Hey i was out for a while.

I have again uploaded the dbclient log with high verbosity=3.

 

Both full backup and INC backup is getting failed for 2 databases. I observed, INC backup is getting failed exactly writing same byte count approx 100 Gb and taking 1 hour time. Not sure as getting failure in full as well. Do not have good backup since long.

Marianne
Moderator
Moderator
Partner    VIP    Accredited Certified

Any reason why the log file starts at 09:29? 

It starts with a network error.
10053 is a TCP error.
You need to get network team involved or look at TCP tuning at OS-level on SQL client and media server.

 

Michael_G_Ander
Level 6
Certified

Some times increasing the VDITIMEOUT in the bch script and CLIENT_READ_TIMEOUT, CLIENT_CONNECT_TIMEOUT on the client and media server can help with this kind of problem. If it is not possible to find anything on the network/OS side.

 

 

The standard questions: Have you checked: 1) What has changed. 2) The manual 3) If there are any tech notes or VOX posts regarding the issue

Born2rise
Level 4
Michael, I did not try with VDItimeout yet. Let me try the backup with it. Lets see the result.

Born2rise
Level 4
Hi Marriane, i did not notice it. Backup of other databases with has size prox 600 is working fine. Lets w8 for backup result triggered with VDItimeout in bch

Born2rise
Level 4

VDItimeout did not worked.

I have found the below mention warning only on two problematic databases. These are showing in parent SQL backup job and it is thrown prior to backup start writing on any database or i can say prior to generate stripes.

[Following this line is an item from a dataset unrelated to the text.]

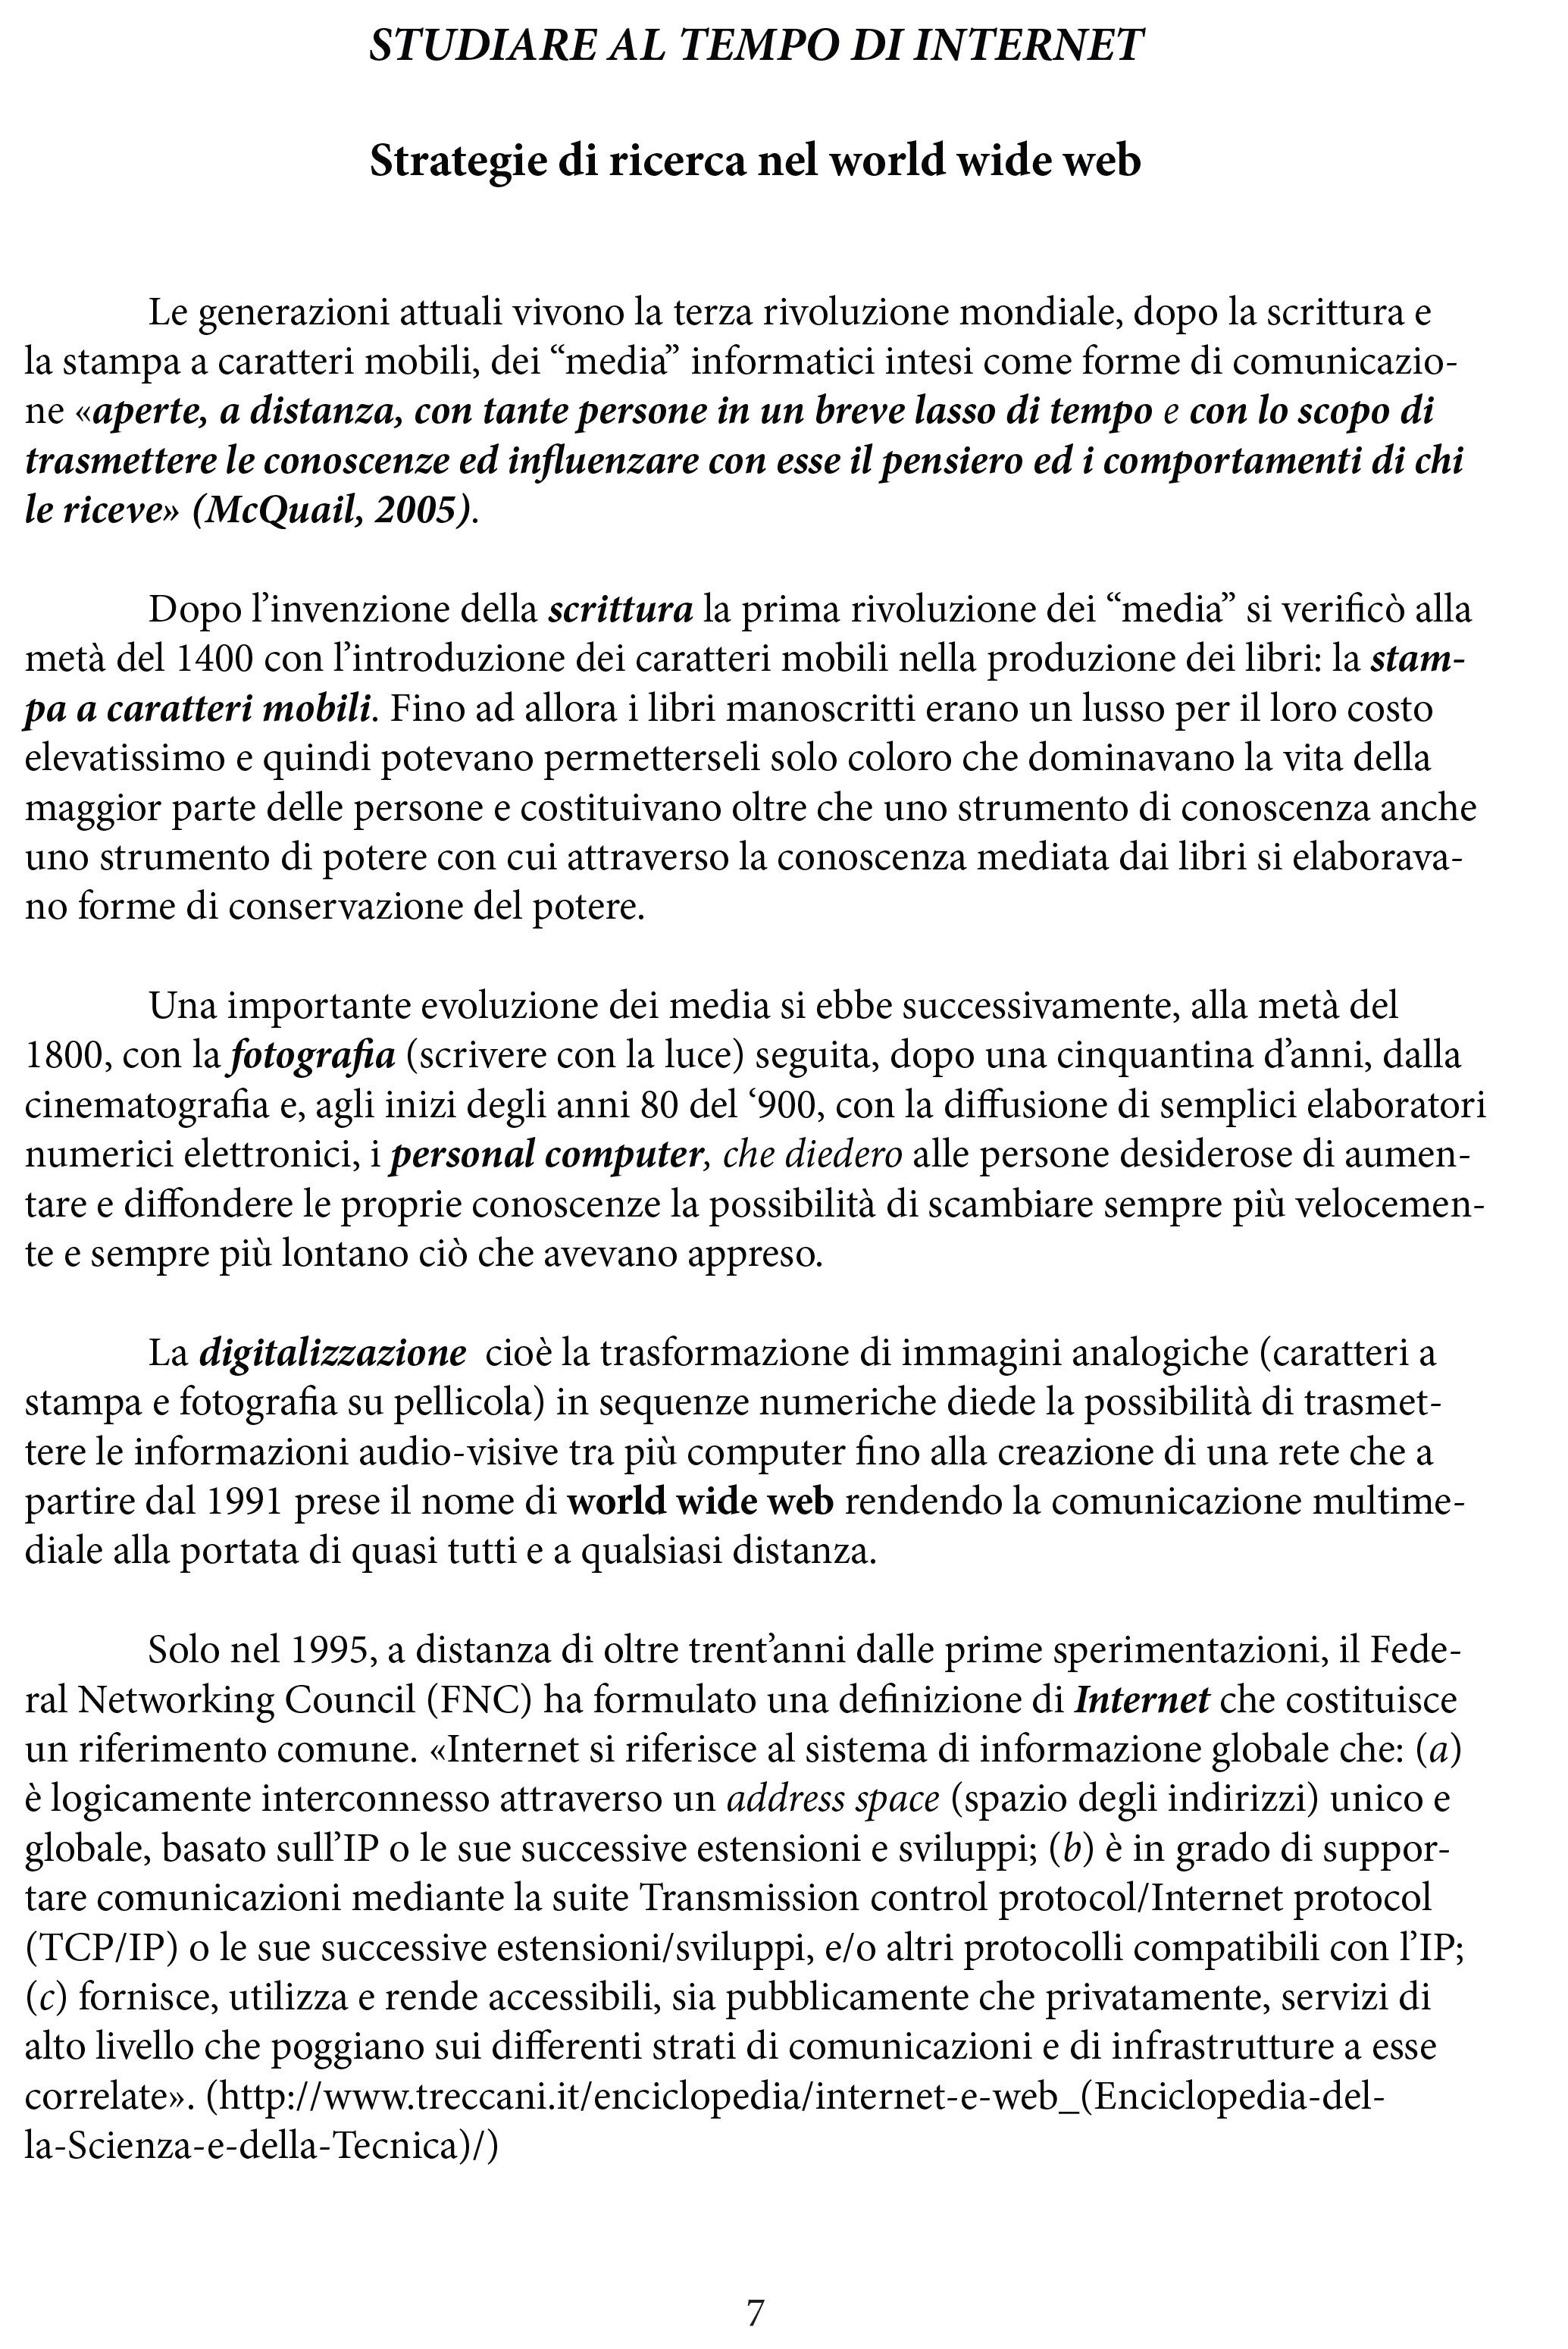 STUDIARE AL TEMPO DI INTERNET-7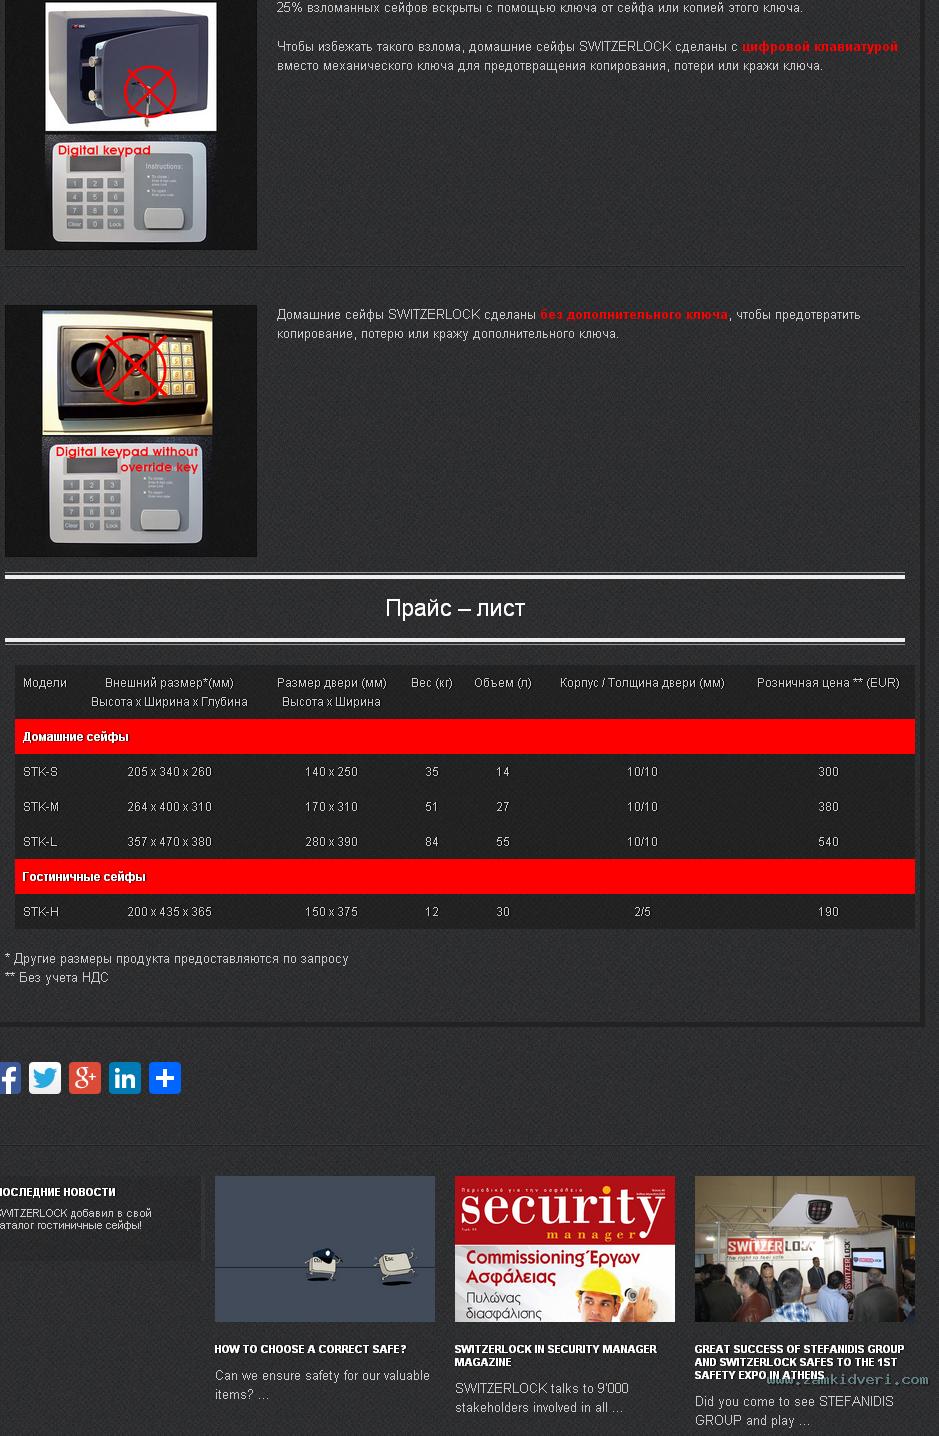 ������� �� ����������� ��� ���������� ��������: Скриншот 2014-01-20 20.12.26.png ����������: 0 ������:667.9 �� ID:32435

Info bpbrm (pid=26784) reading file list for client
05/29/2015 18:00:49 - Info bpbrm (pid=26784) starting bphdb on client
05/29/2015 18:00:49 - Info dbclient (pid=8060) WARN - No files were found in Database10..sysfiles for filegroup Archive (group id 2)
05/29/2015 18:00:49 - Info dbclient (pid=8060) WARN - No files were found in Database10..sysfiles for filegroup BKT1 (group id 3)
05/29/2015 18:00:49 - Info dbclient (pid=8060) WARN - No files were found in Database10..sysfiles for filegroup BKT14 (group id 4)
05/29/2015 18:00:49 - Info dbclient (pid=8060) WARN - No files were found in Database10..sysfiles for filegroup BKT213 (group id 5)
05/29/2015 18:00:49 - Info dbclient (pid=8060) WARN - No files were found in Database10..sysfiles for filegroup BKTMNLY (group id 6)
05/29/2015 18:00:49 - Info dbclient (pid=8060) WARN - No files were found in Database20..sysfiles for filegroup BKT1 (group id 4)
05/29/2015 18:00:49 - Info dbclient (pid=8060) WARN - No files were found in Database20..sysfiles for filegroup BKT14 (group id 5)
05/29/2015 18:00:49 - Info dbclient (pid=8060) WARN - No files were found in Database20..sysfiles for filegroup BKT213 (group id 6)
05/29/2015 18:00:49 - Info dbclient (pid=8060) WARN - No files were found in Database20..sysfiles for filegroup BKTMNLY (group id 7)
05/29/2015 18:00:50 - Info bphdb (pid=4792) Backup started
05/29/2015 18:00:52 - Info dbclient (pid=8060) INF - BACKUP STARTED USING

Born2rise
Level 4

This issue has been resolved by making the TCP tuning on client and change the paramter to 0 like maxtransfer speed,block size and numbuffer 1.